> INPUT DATA
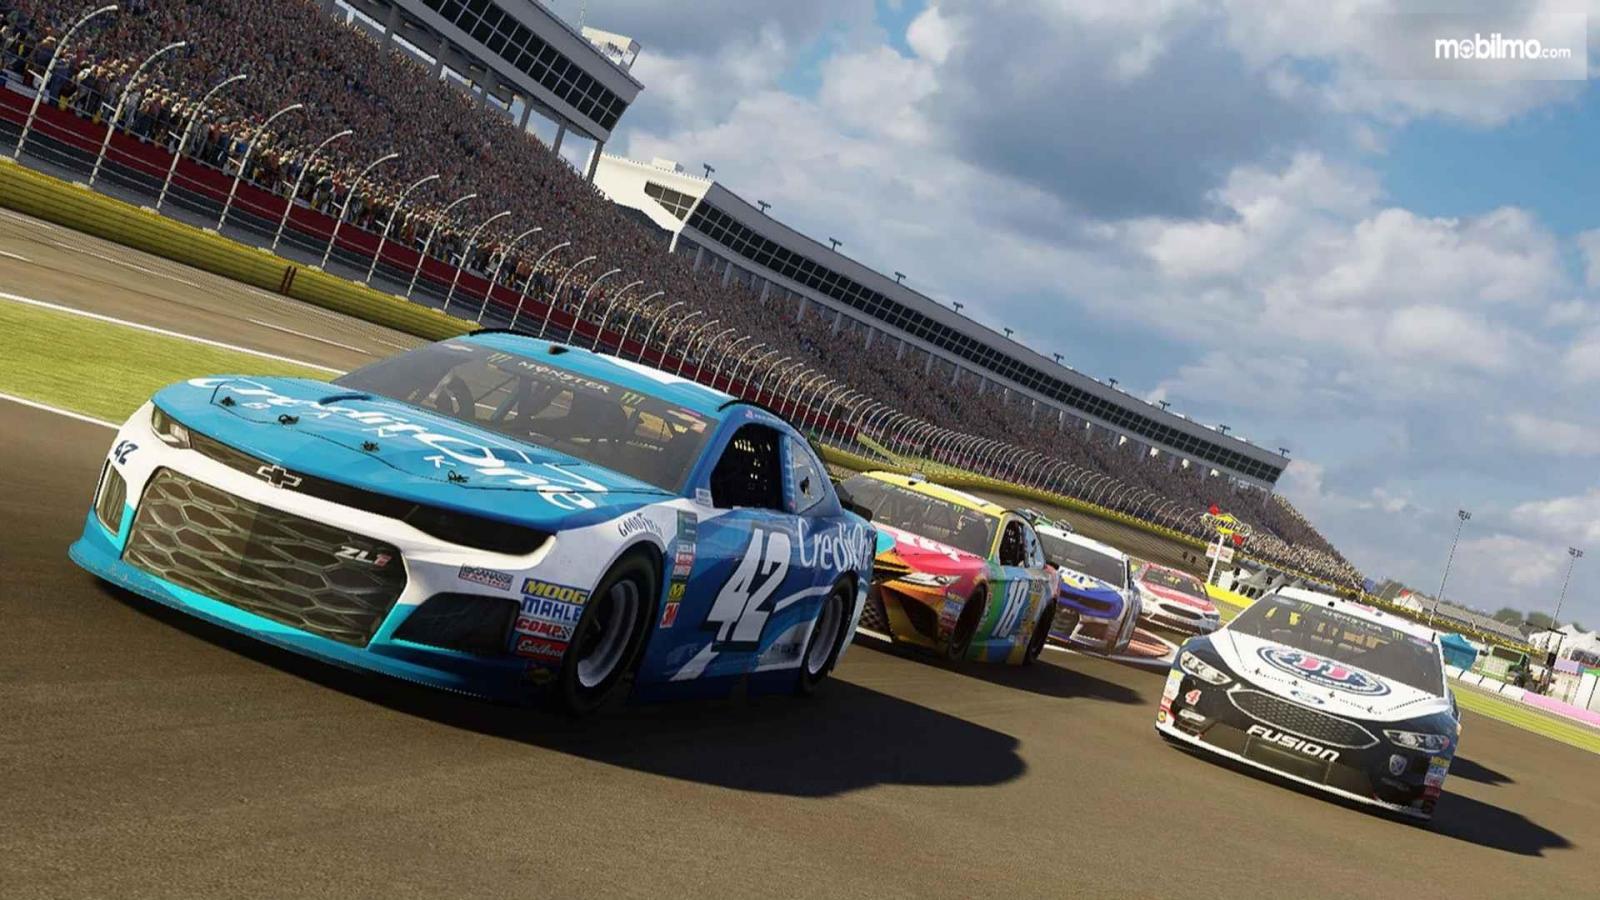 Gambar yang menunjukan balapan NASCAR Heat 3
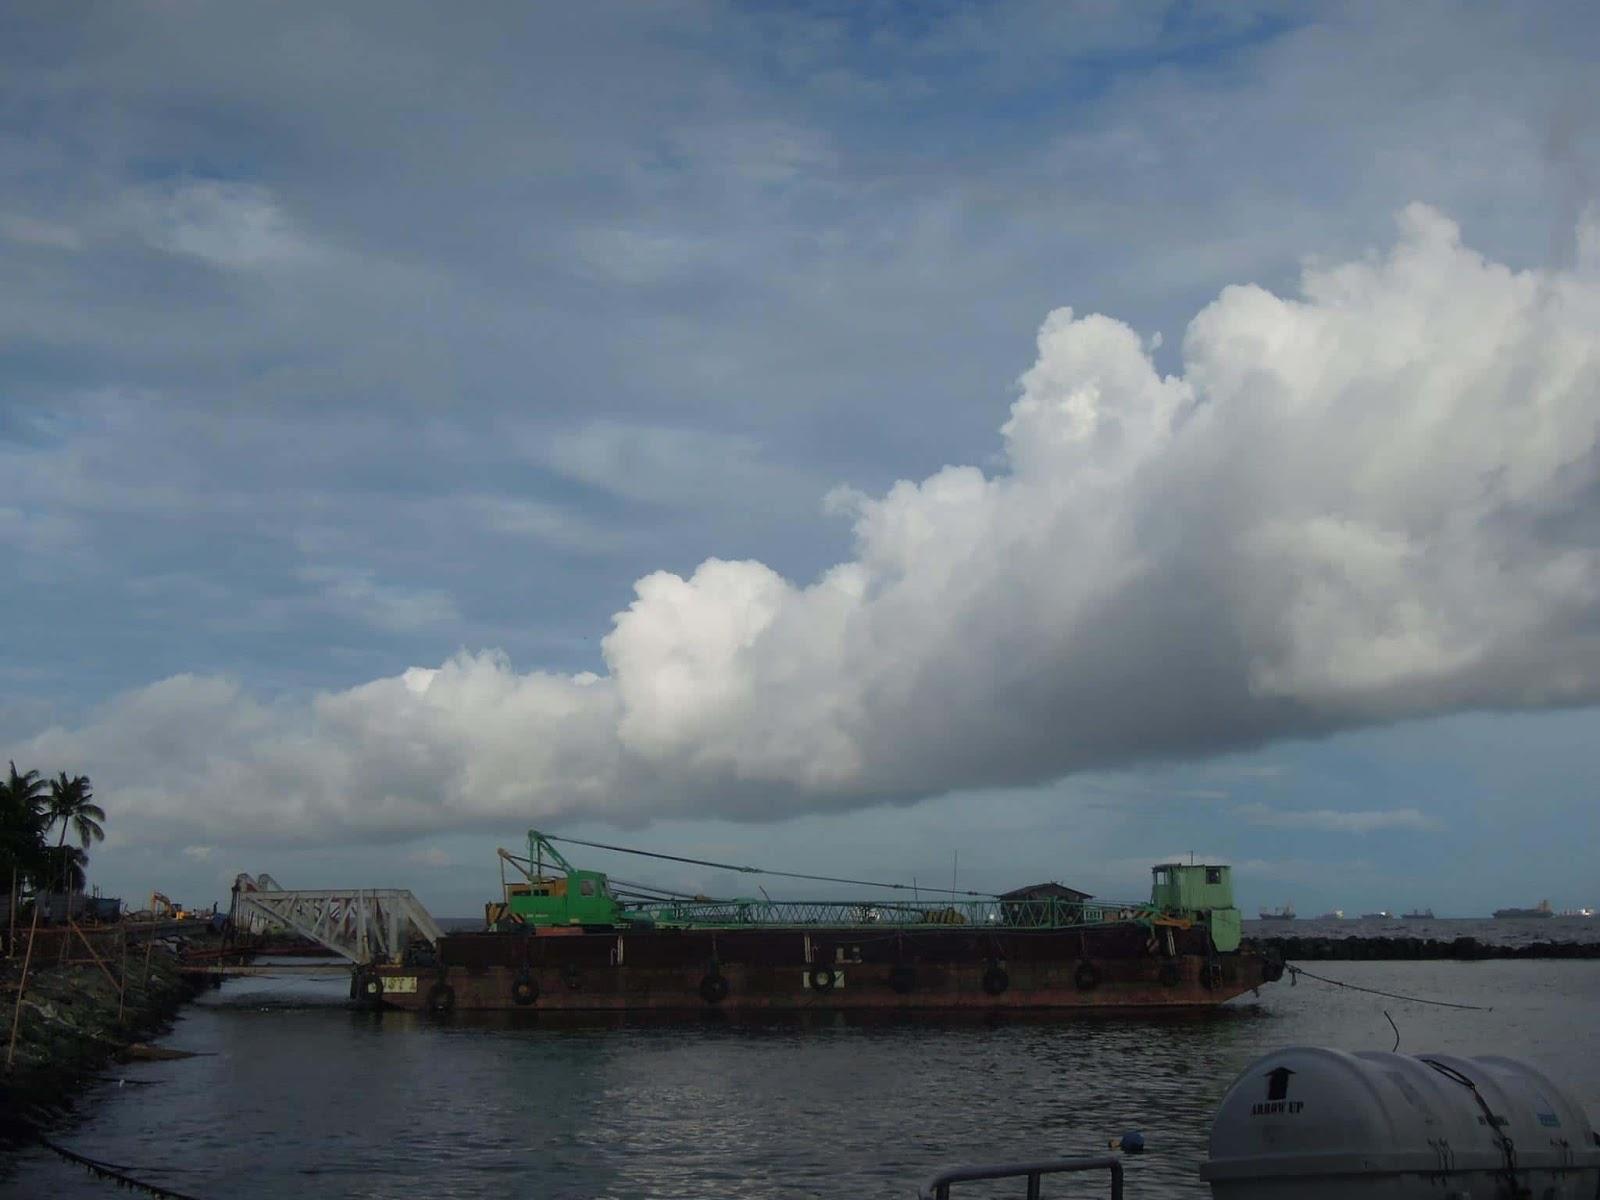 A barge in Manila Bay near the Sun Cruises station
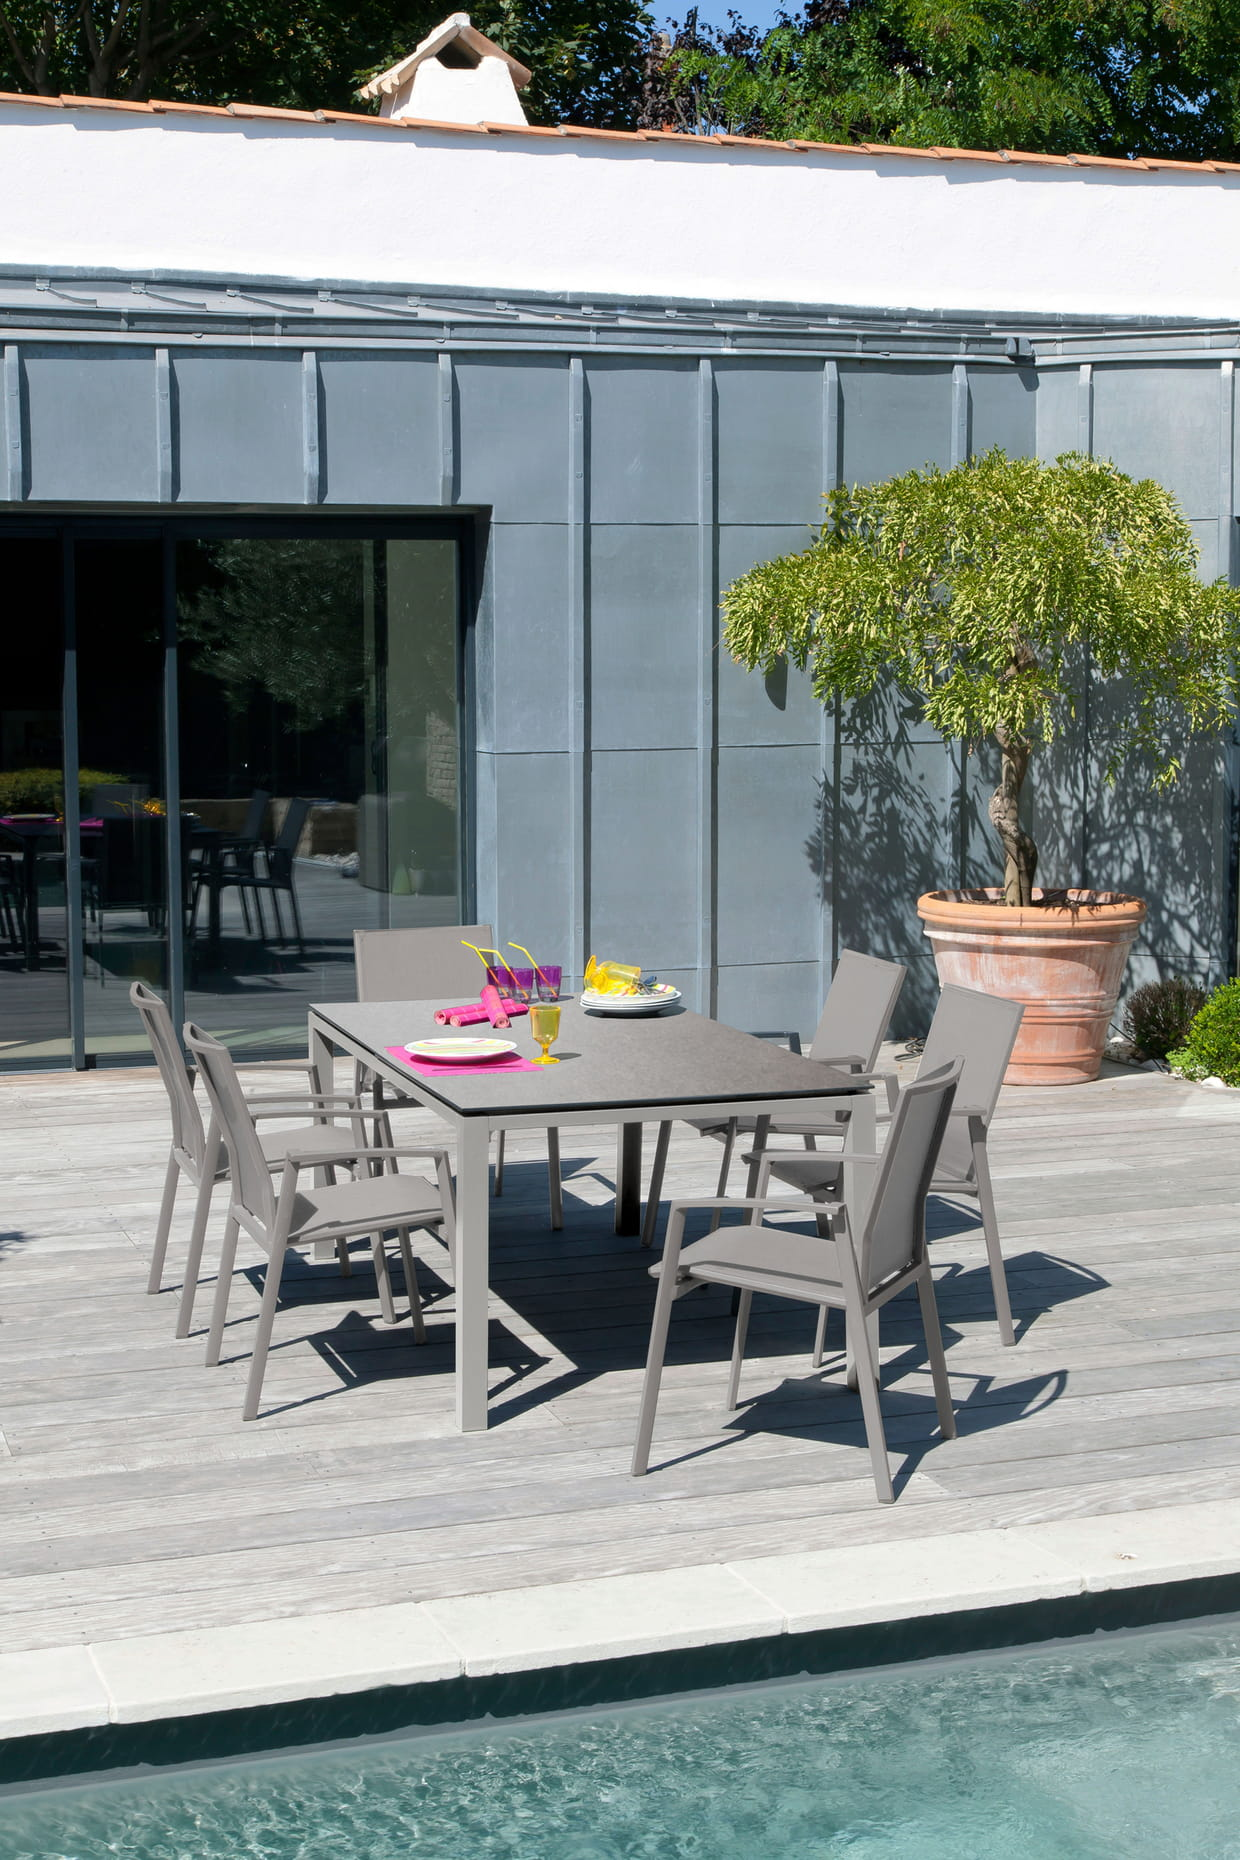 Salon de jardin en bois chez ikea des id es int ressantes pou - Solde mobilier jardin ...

> ACTIVITY
In your copy of the material, match every word exactly and include no pictures.

> RESULT OF THIS TASK
 Gambar yang menunjukan balapan NASCAR Heat 3
 A barge in Manila Bay near the Sun Cruises station
 Salon de jardin en bois chez ikea des id es int ressantes pou - Solde mobilier jardin ...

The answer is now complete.